Новый партийный руководитель Мир-Джафар Багиров энергично добивается поставленных целей. И каждый, кто, с его точки зрения, может встать ему поперек дороги, рискует исчезнуть навсегда. Кашкай многих недосчитался в родном политехническом. Оказалось, что и сюда, в Баку, проникли сообщники Зиновьева и Троцкого… Нет, здесь теперь задерживаться нельзя.

И все же что-то его удерживает. Скорее всего, дела сердечные. А что еще может толкнуть на такое безрассудство человека, когда ему 27, у него блестящие перспективы в Ленинграде и на носу защита диссертации? А он ходит в гости к бакинским знакомым, родственникам, все чего-то ждет…

Он вернется в институт со значительным опозданием, и академику Левинсону-Лессингу придется заступиться за своего аспиранта перед грозным руководством комитета кадров АН СССР: «Настоящим удостоверяю, что аспирант Мир-Али Кашкай был задержан в Баку для окончания отчета по экспедиции с моего ведома и согласия, 17 ноября 1934 г.»{38}.

Сегодня любому аспиранту и студенту это может показаться странным. Между тем дисциплина в аспирантуре в те годы была похлеще студенческой. Советская власть не собиралась разбазаривать деньги рабоче-крестьянского государства, выделенные на подготовку кадров, столь необходимых науке и производству. «Вас направила на учебу республика — помните об этом, это — высочайшая ответственность!»

Одним словом, пронесло в тот раз. Но осталась в душе какая-то пустота. То ли от недосказанности в отношениях с той, ради которой он забыл о суровых ленинградских порядках, то ли от нравоучений, которые пришлось выслушать последовательно в учебной части, профкоме, на кафедре, на общеинститутском собрании. Пустота и предчувствие чего-то недоброго. Атмосфера затаившегося страха, который угадывается в ответственности за каждый шаг, за каждый безобидный проступок.

Ужесточение дисциплины. Лучший способ самоизоляции — лаборатория, микроскоп, тишина. И крик, словно выстрел, возвращающий к реальности: «Товарища Кирова убили!»

Официальное сообщение: «1 декабря 1934 г. от руки гнусного убийцы из троцкистско-бухаринской банды шпионов и диверсантов погиб в Смольном пламенный борец за коммунизм С. М. Киров»{39}.

Каждая строчка в нем подобна залпу. Еще не проведены следственные мероприятия, а уже известно: убийство — дело рук троцкистов и зиновьевцев. Кто же, как не они?!

Лаборатория закрывается. Надолго. У всех в глазах вопросы: «Кто?», «За что?». И невысказанное, затаенное: «Что теперь будет…»
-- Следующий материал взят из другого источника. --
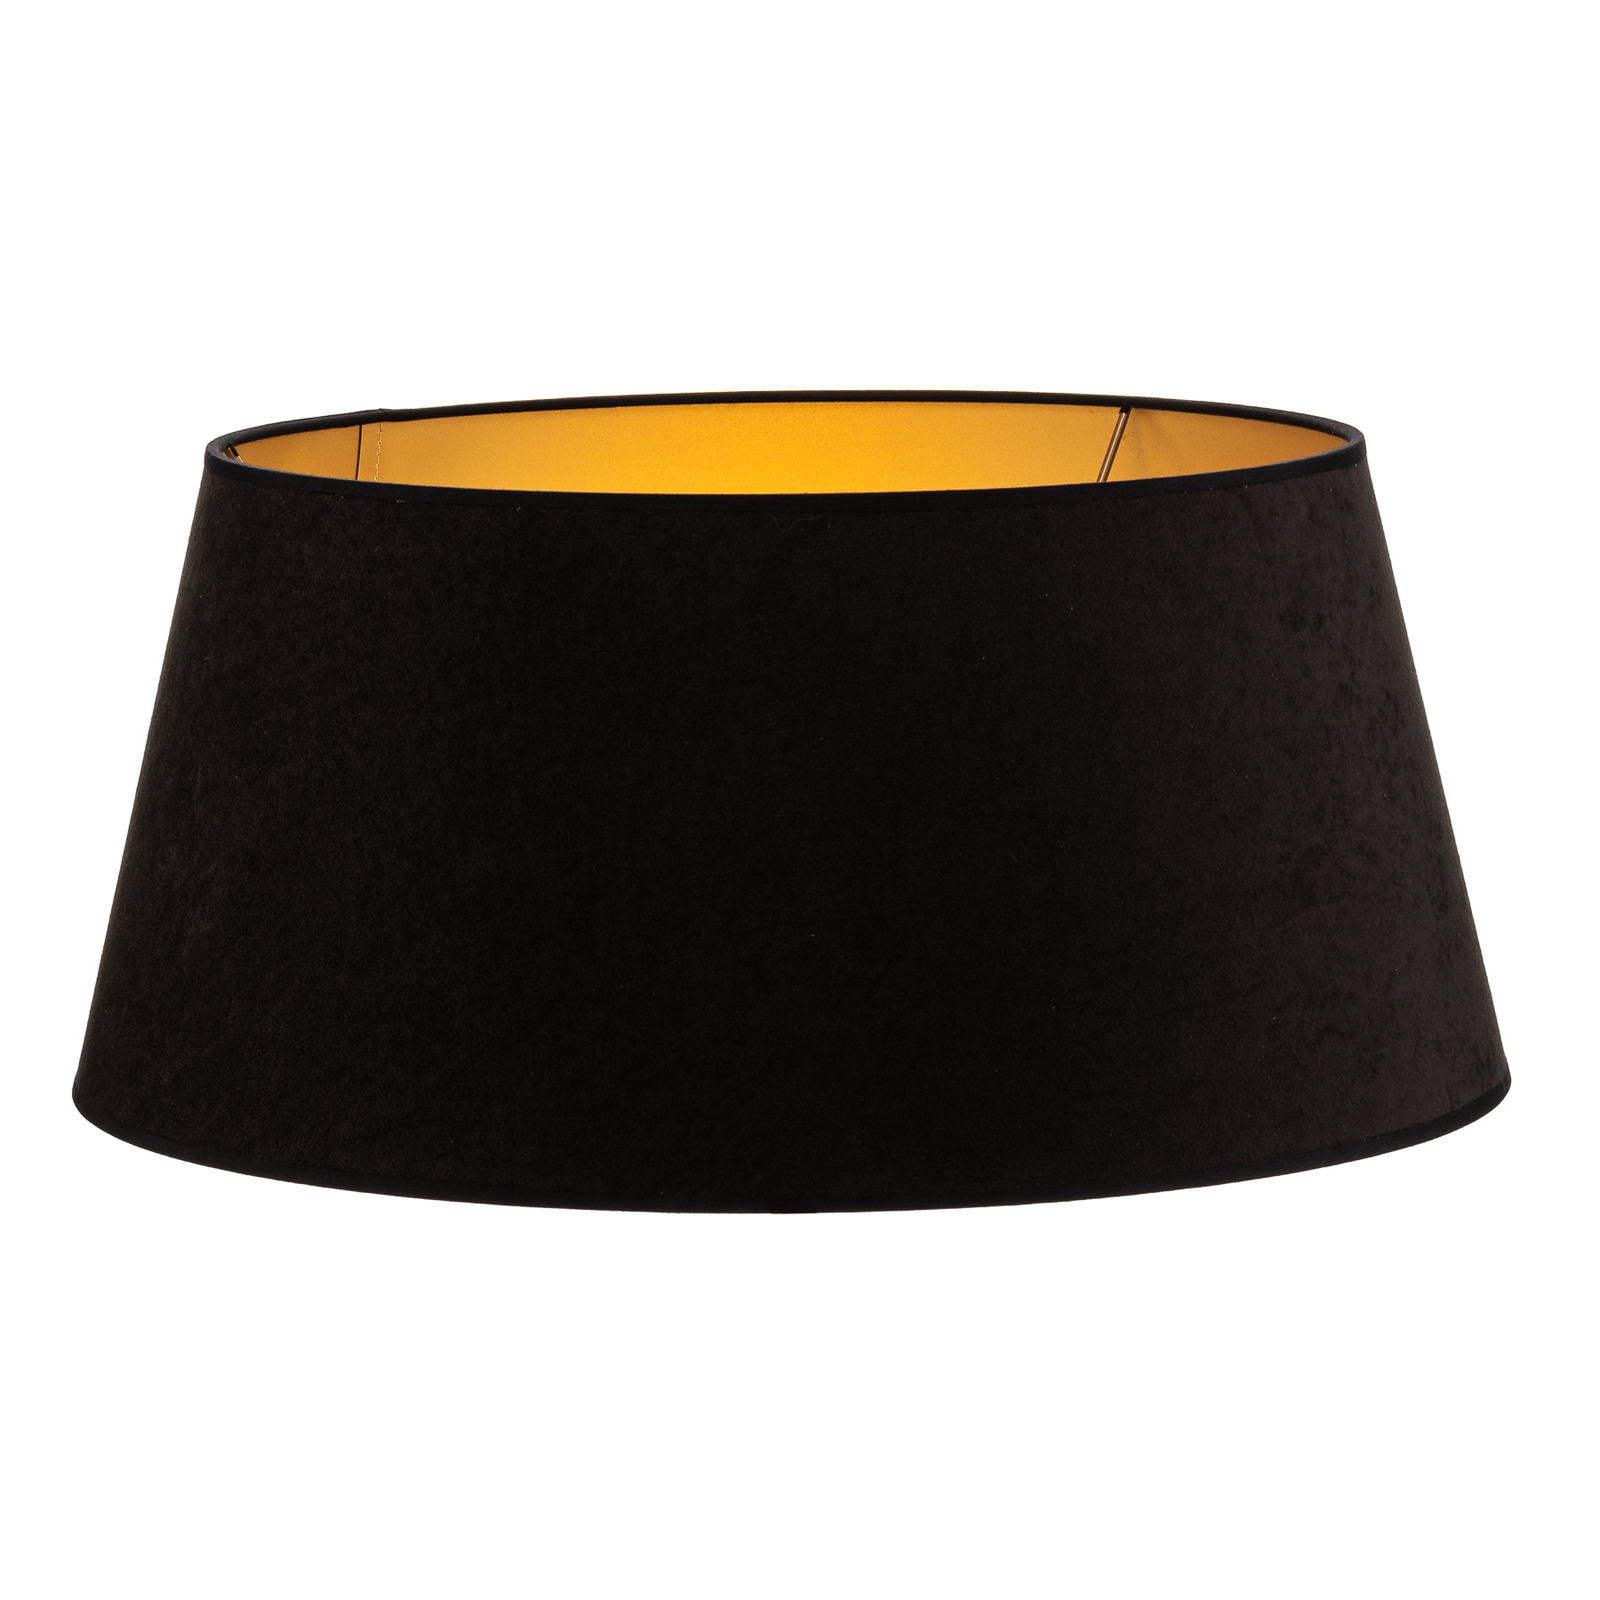 Kúp alakú lámpaernyő, magasság 25,5 cm, fekete/arany

Ленинград задыхается от зловещих сообщений. Убийца — Николаев Леонид, ленинградец. В Ленинград спецпоездом прибыл товарищ Сталин. На перроне в ответ на доклад начальника ГПУ по Ленинграду Ф. Медведя влепил тому пощечину. Николаев утверждает, что совершил убийство в одиночку из личного оружия. Допрашивают Сталин, затем Г. Ягода, Н. Ежов, Я. Агранов. «Я убил Кирова выстрелом в затылок в нескольких шагах от его кабинета в Смольном».
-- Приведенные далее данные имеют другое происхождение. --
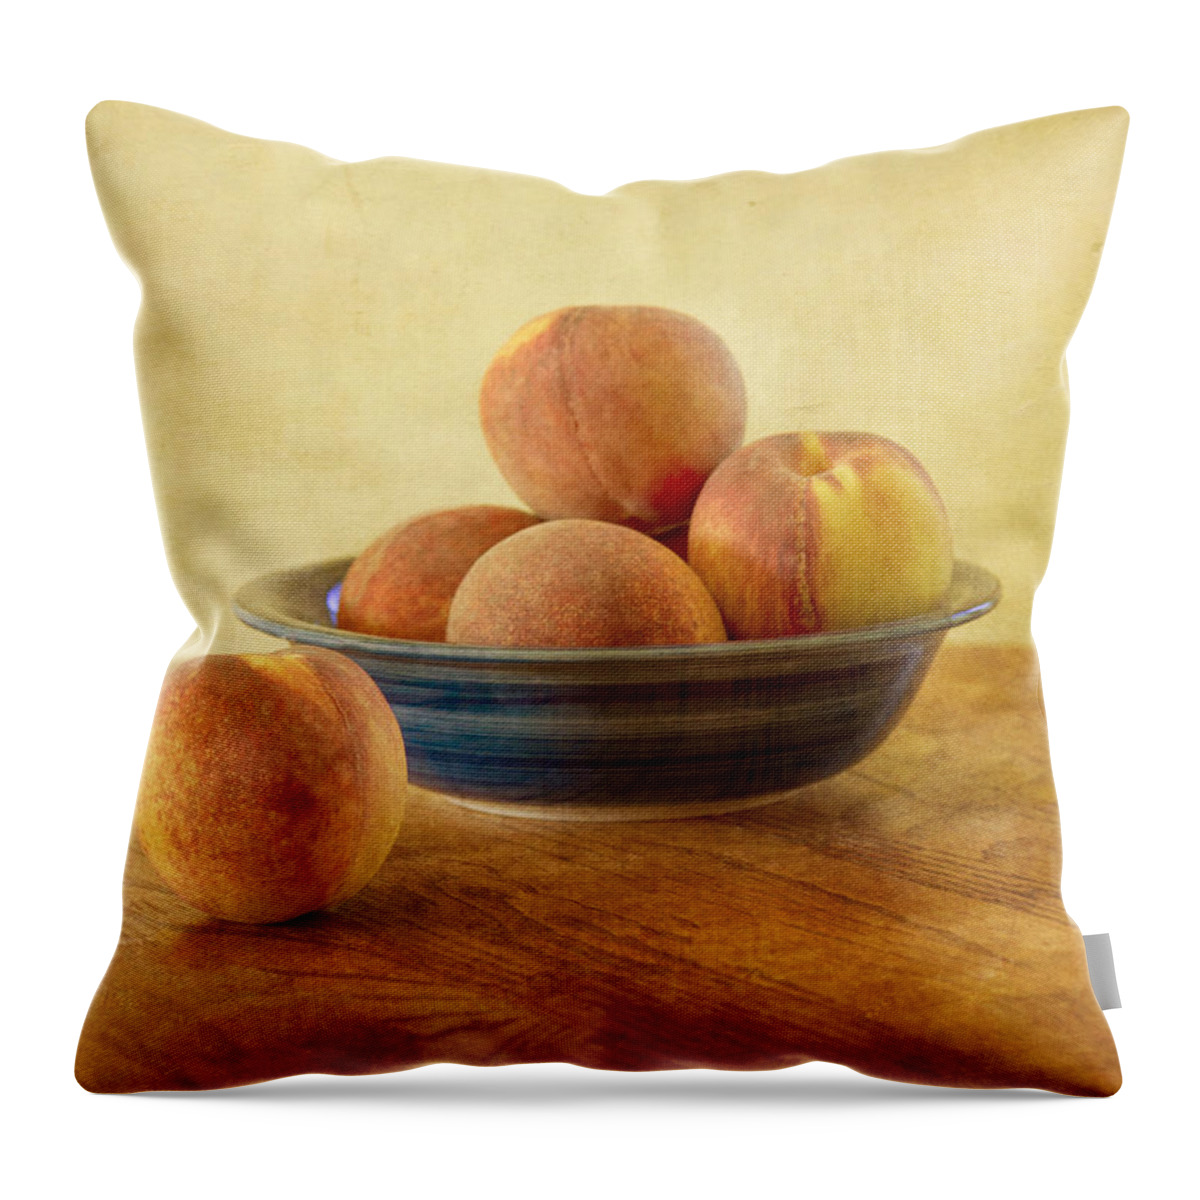 Peach Throw Pillow featuring the photograph Fresh Peaches by Kim Hojnacki

— Не к добру это… Не к добру, — говорит Петр Иванович Лебедев.

Профессор отворачивается к окну, за которым сквозь темень ленинградской ночи слабо мерцает тусклый свет уличного фонаря. И слова, от которых Мир-Али невольно содрогнулся и которые он будет помнить всю жизнь: «Они не простят этого».

Он не стал спрашивать учителя, кто это «они». Ясно ведь — кто…
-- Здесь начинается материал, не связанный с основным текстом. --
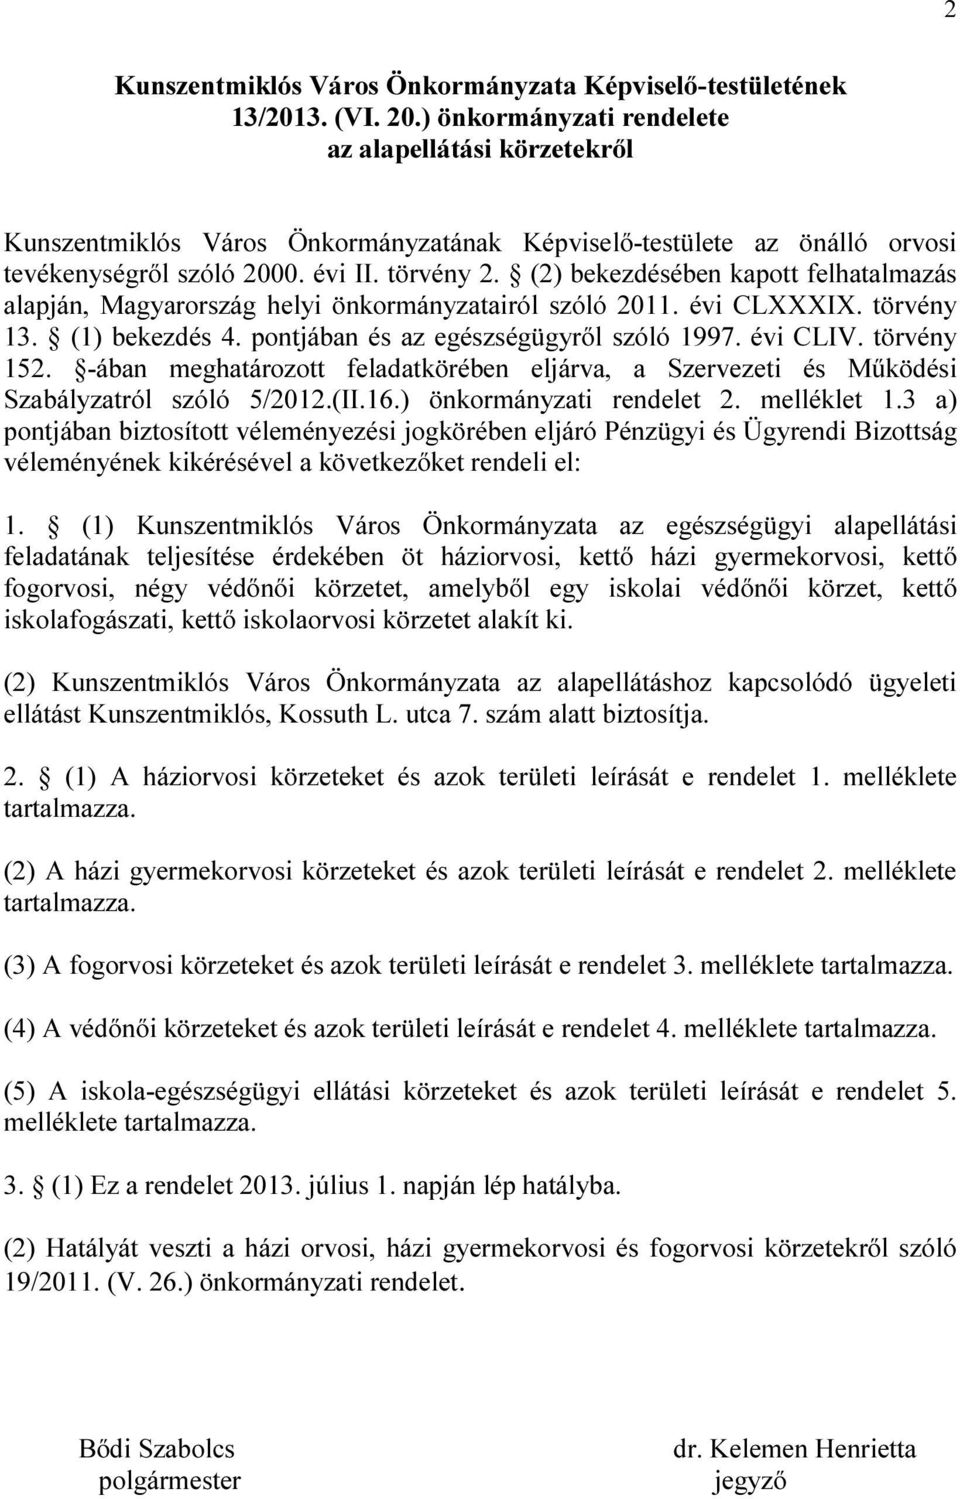 (2) bekezdésében kapott felhatalmazás alapján, Magyarország helyi önkormányzatairól szóló 2011. évi CLXXXIX. törvény 13. (1) bekezdés 4. pontjában és az egészségügyről szóló 1997. évi CLIV.

«Убийца из троцкистско-бухаринской банды шпионов и диверсантов!» — эта фраза повторяется тысячекратно, как заклинание. И хор народных голосов вторит ему. И требует: «Отомстить за Мироныча! Теснее сплотим ряды!» Но ленинградцы — народ ученый, у них есть и другая информация: Николаев из рабочих, партиец, работал в Лужицком уездном комитете комсомола, а затем в промышленном отделе обкома партии, потом был исключен из партии, но в апреле 1934-го восстановлен с занесением строгого выговора в учетную карточку. Был женат на Мильде Петровне Драуле, латышке, работавшей техническим секретарем в обкоме партии, а с лета 1933 года — инспектором Управления уполномоченного наркомата тяжелой промышленности… Была близка с Кировым, из-за этой близости-то и раздался выстрел Николаева…

«Cherchez la femme…» — то ли вопрошает, то ли утверждает профессура в кулуарных разговорах. Драуле была довольно пикантная особа. А Мироныч — известный жизнелюб… На митинге, однако, все требуют: «Убийц к ответу!»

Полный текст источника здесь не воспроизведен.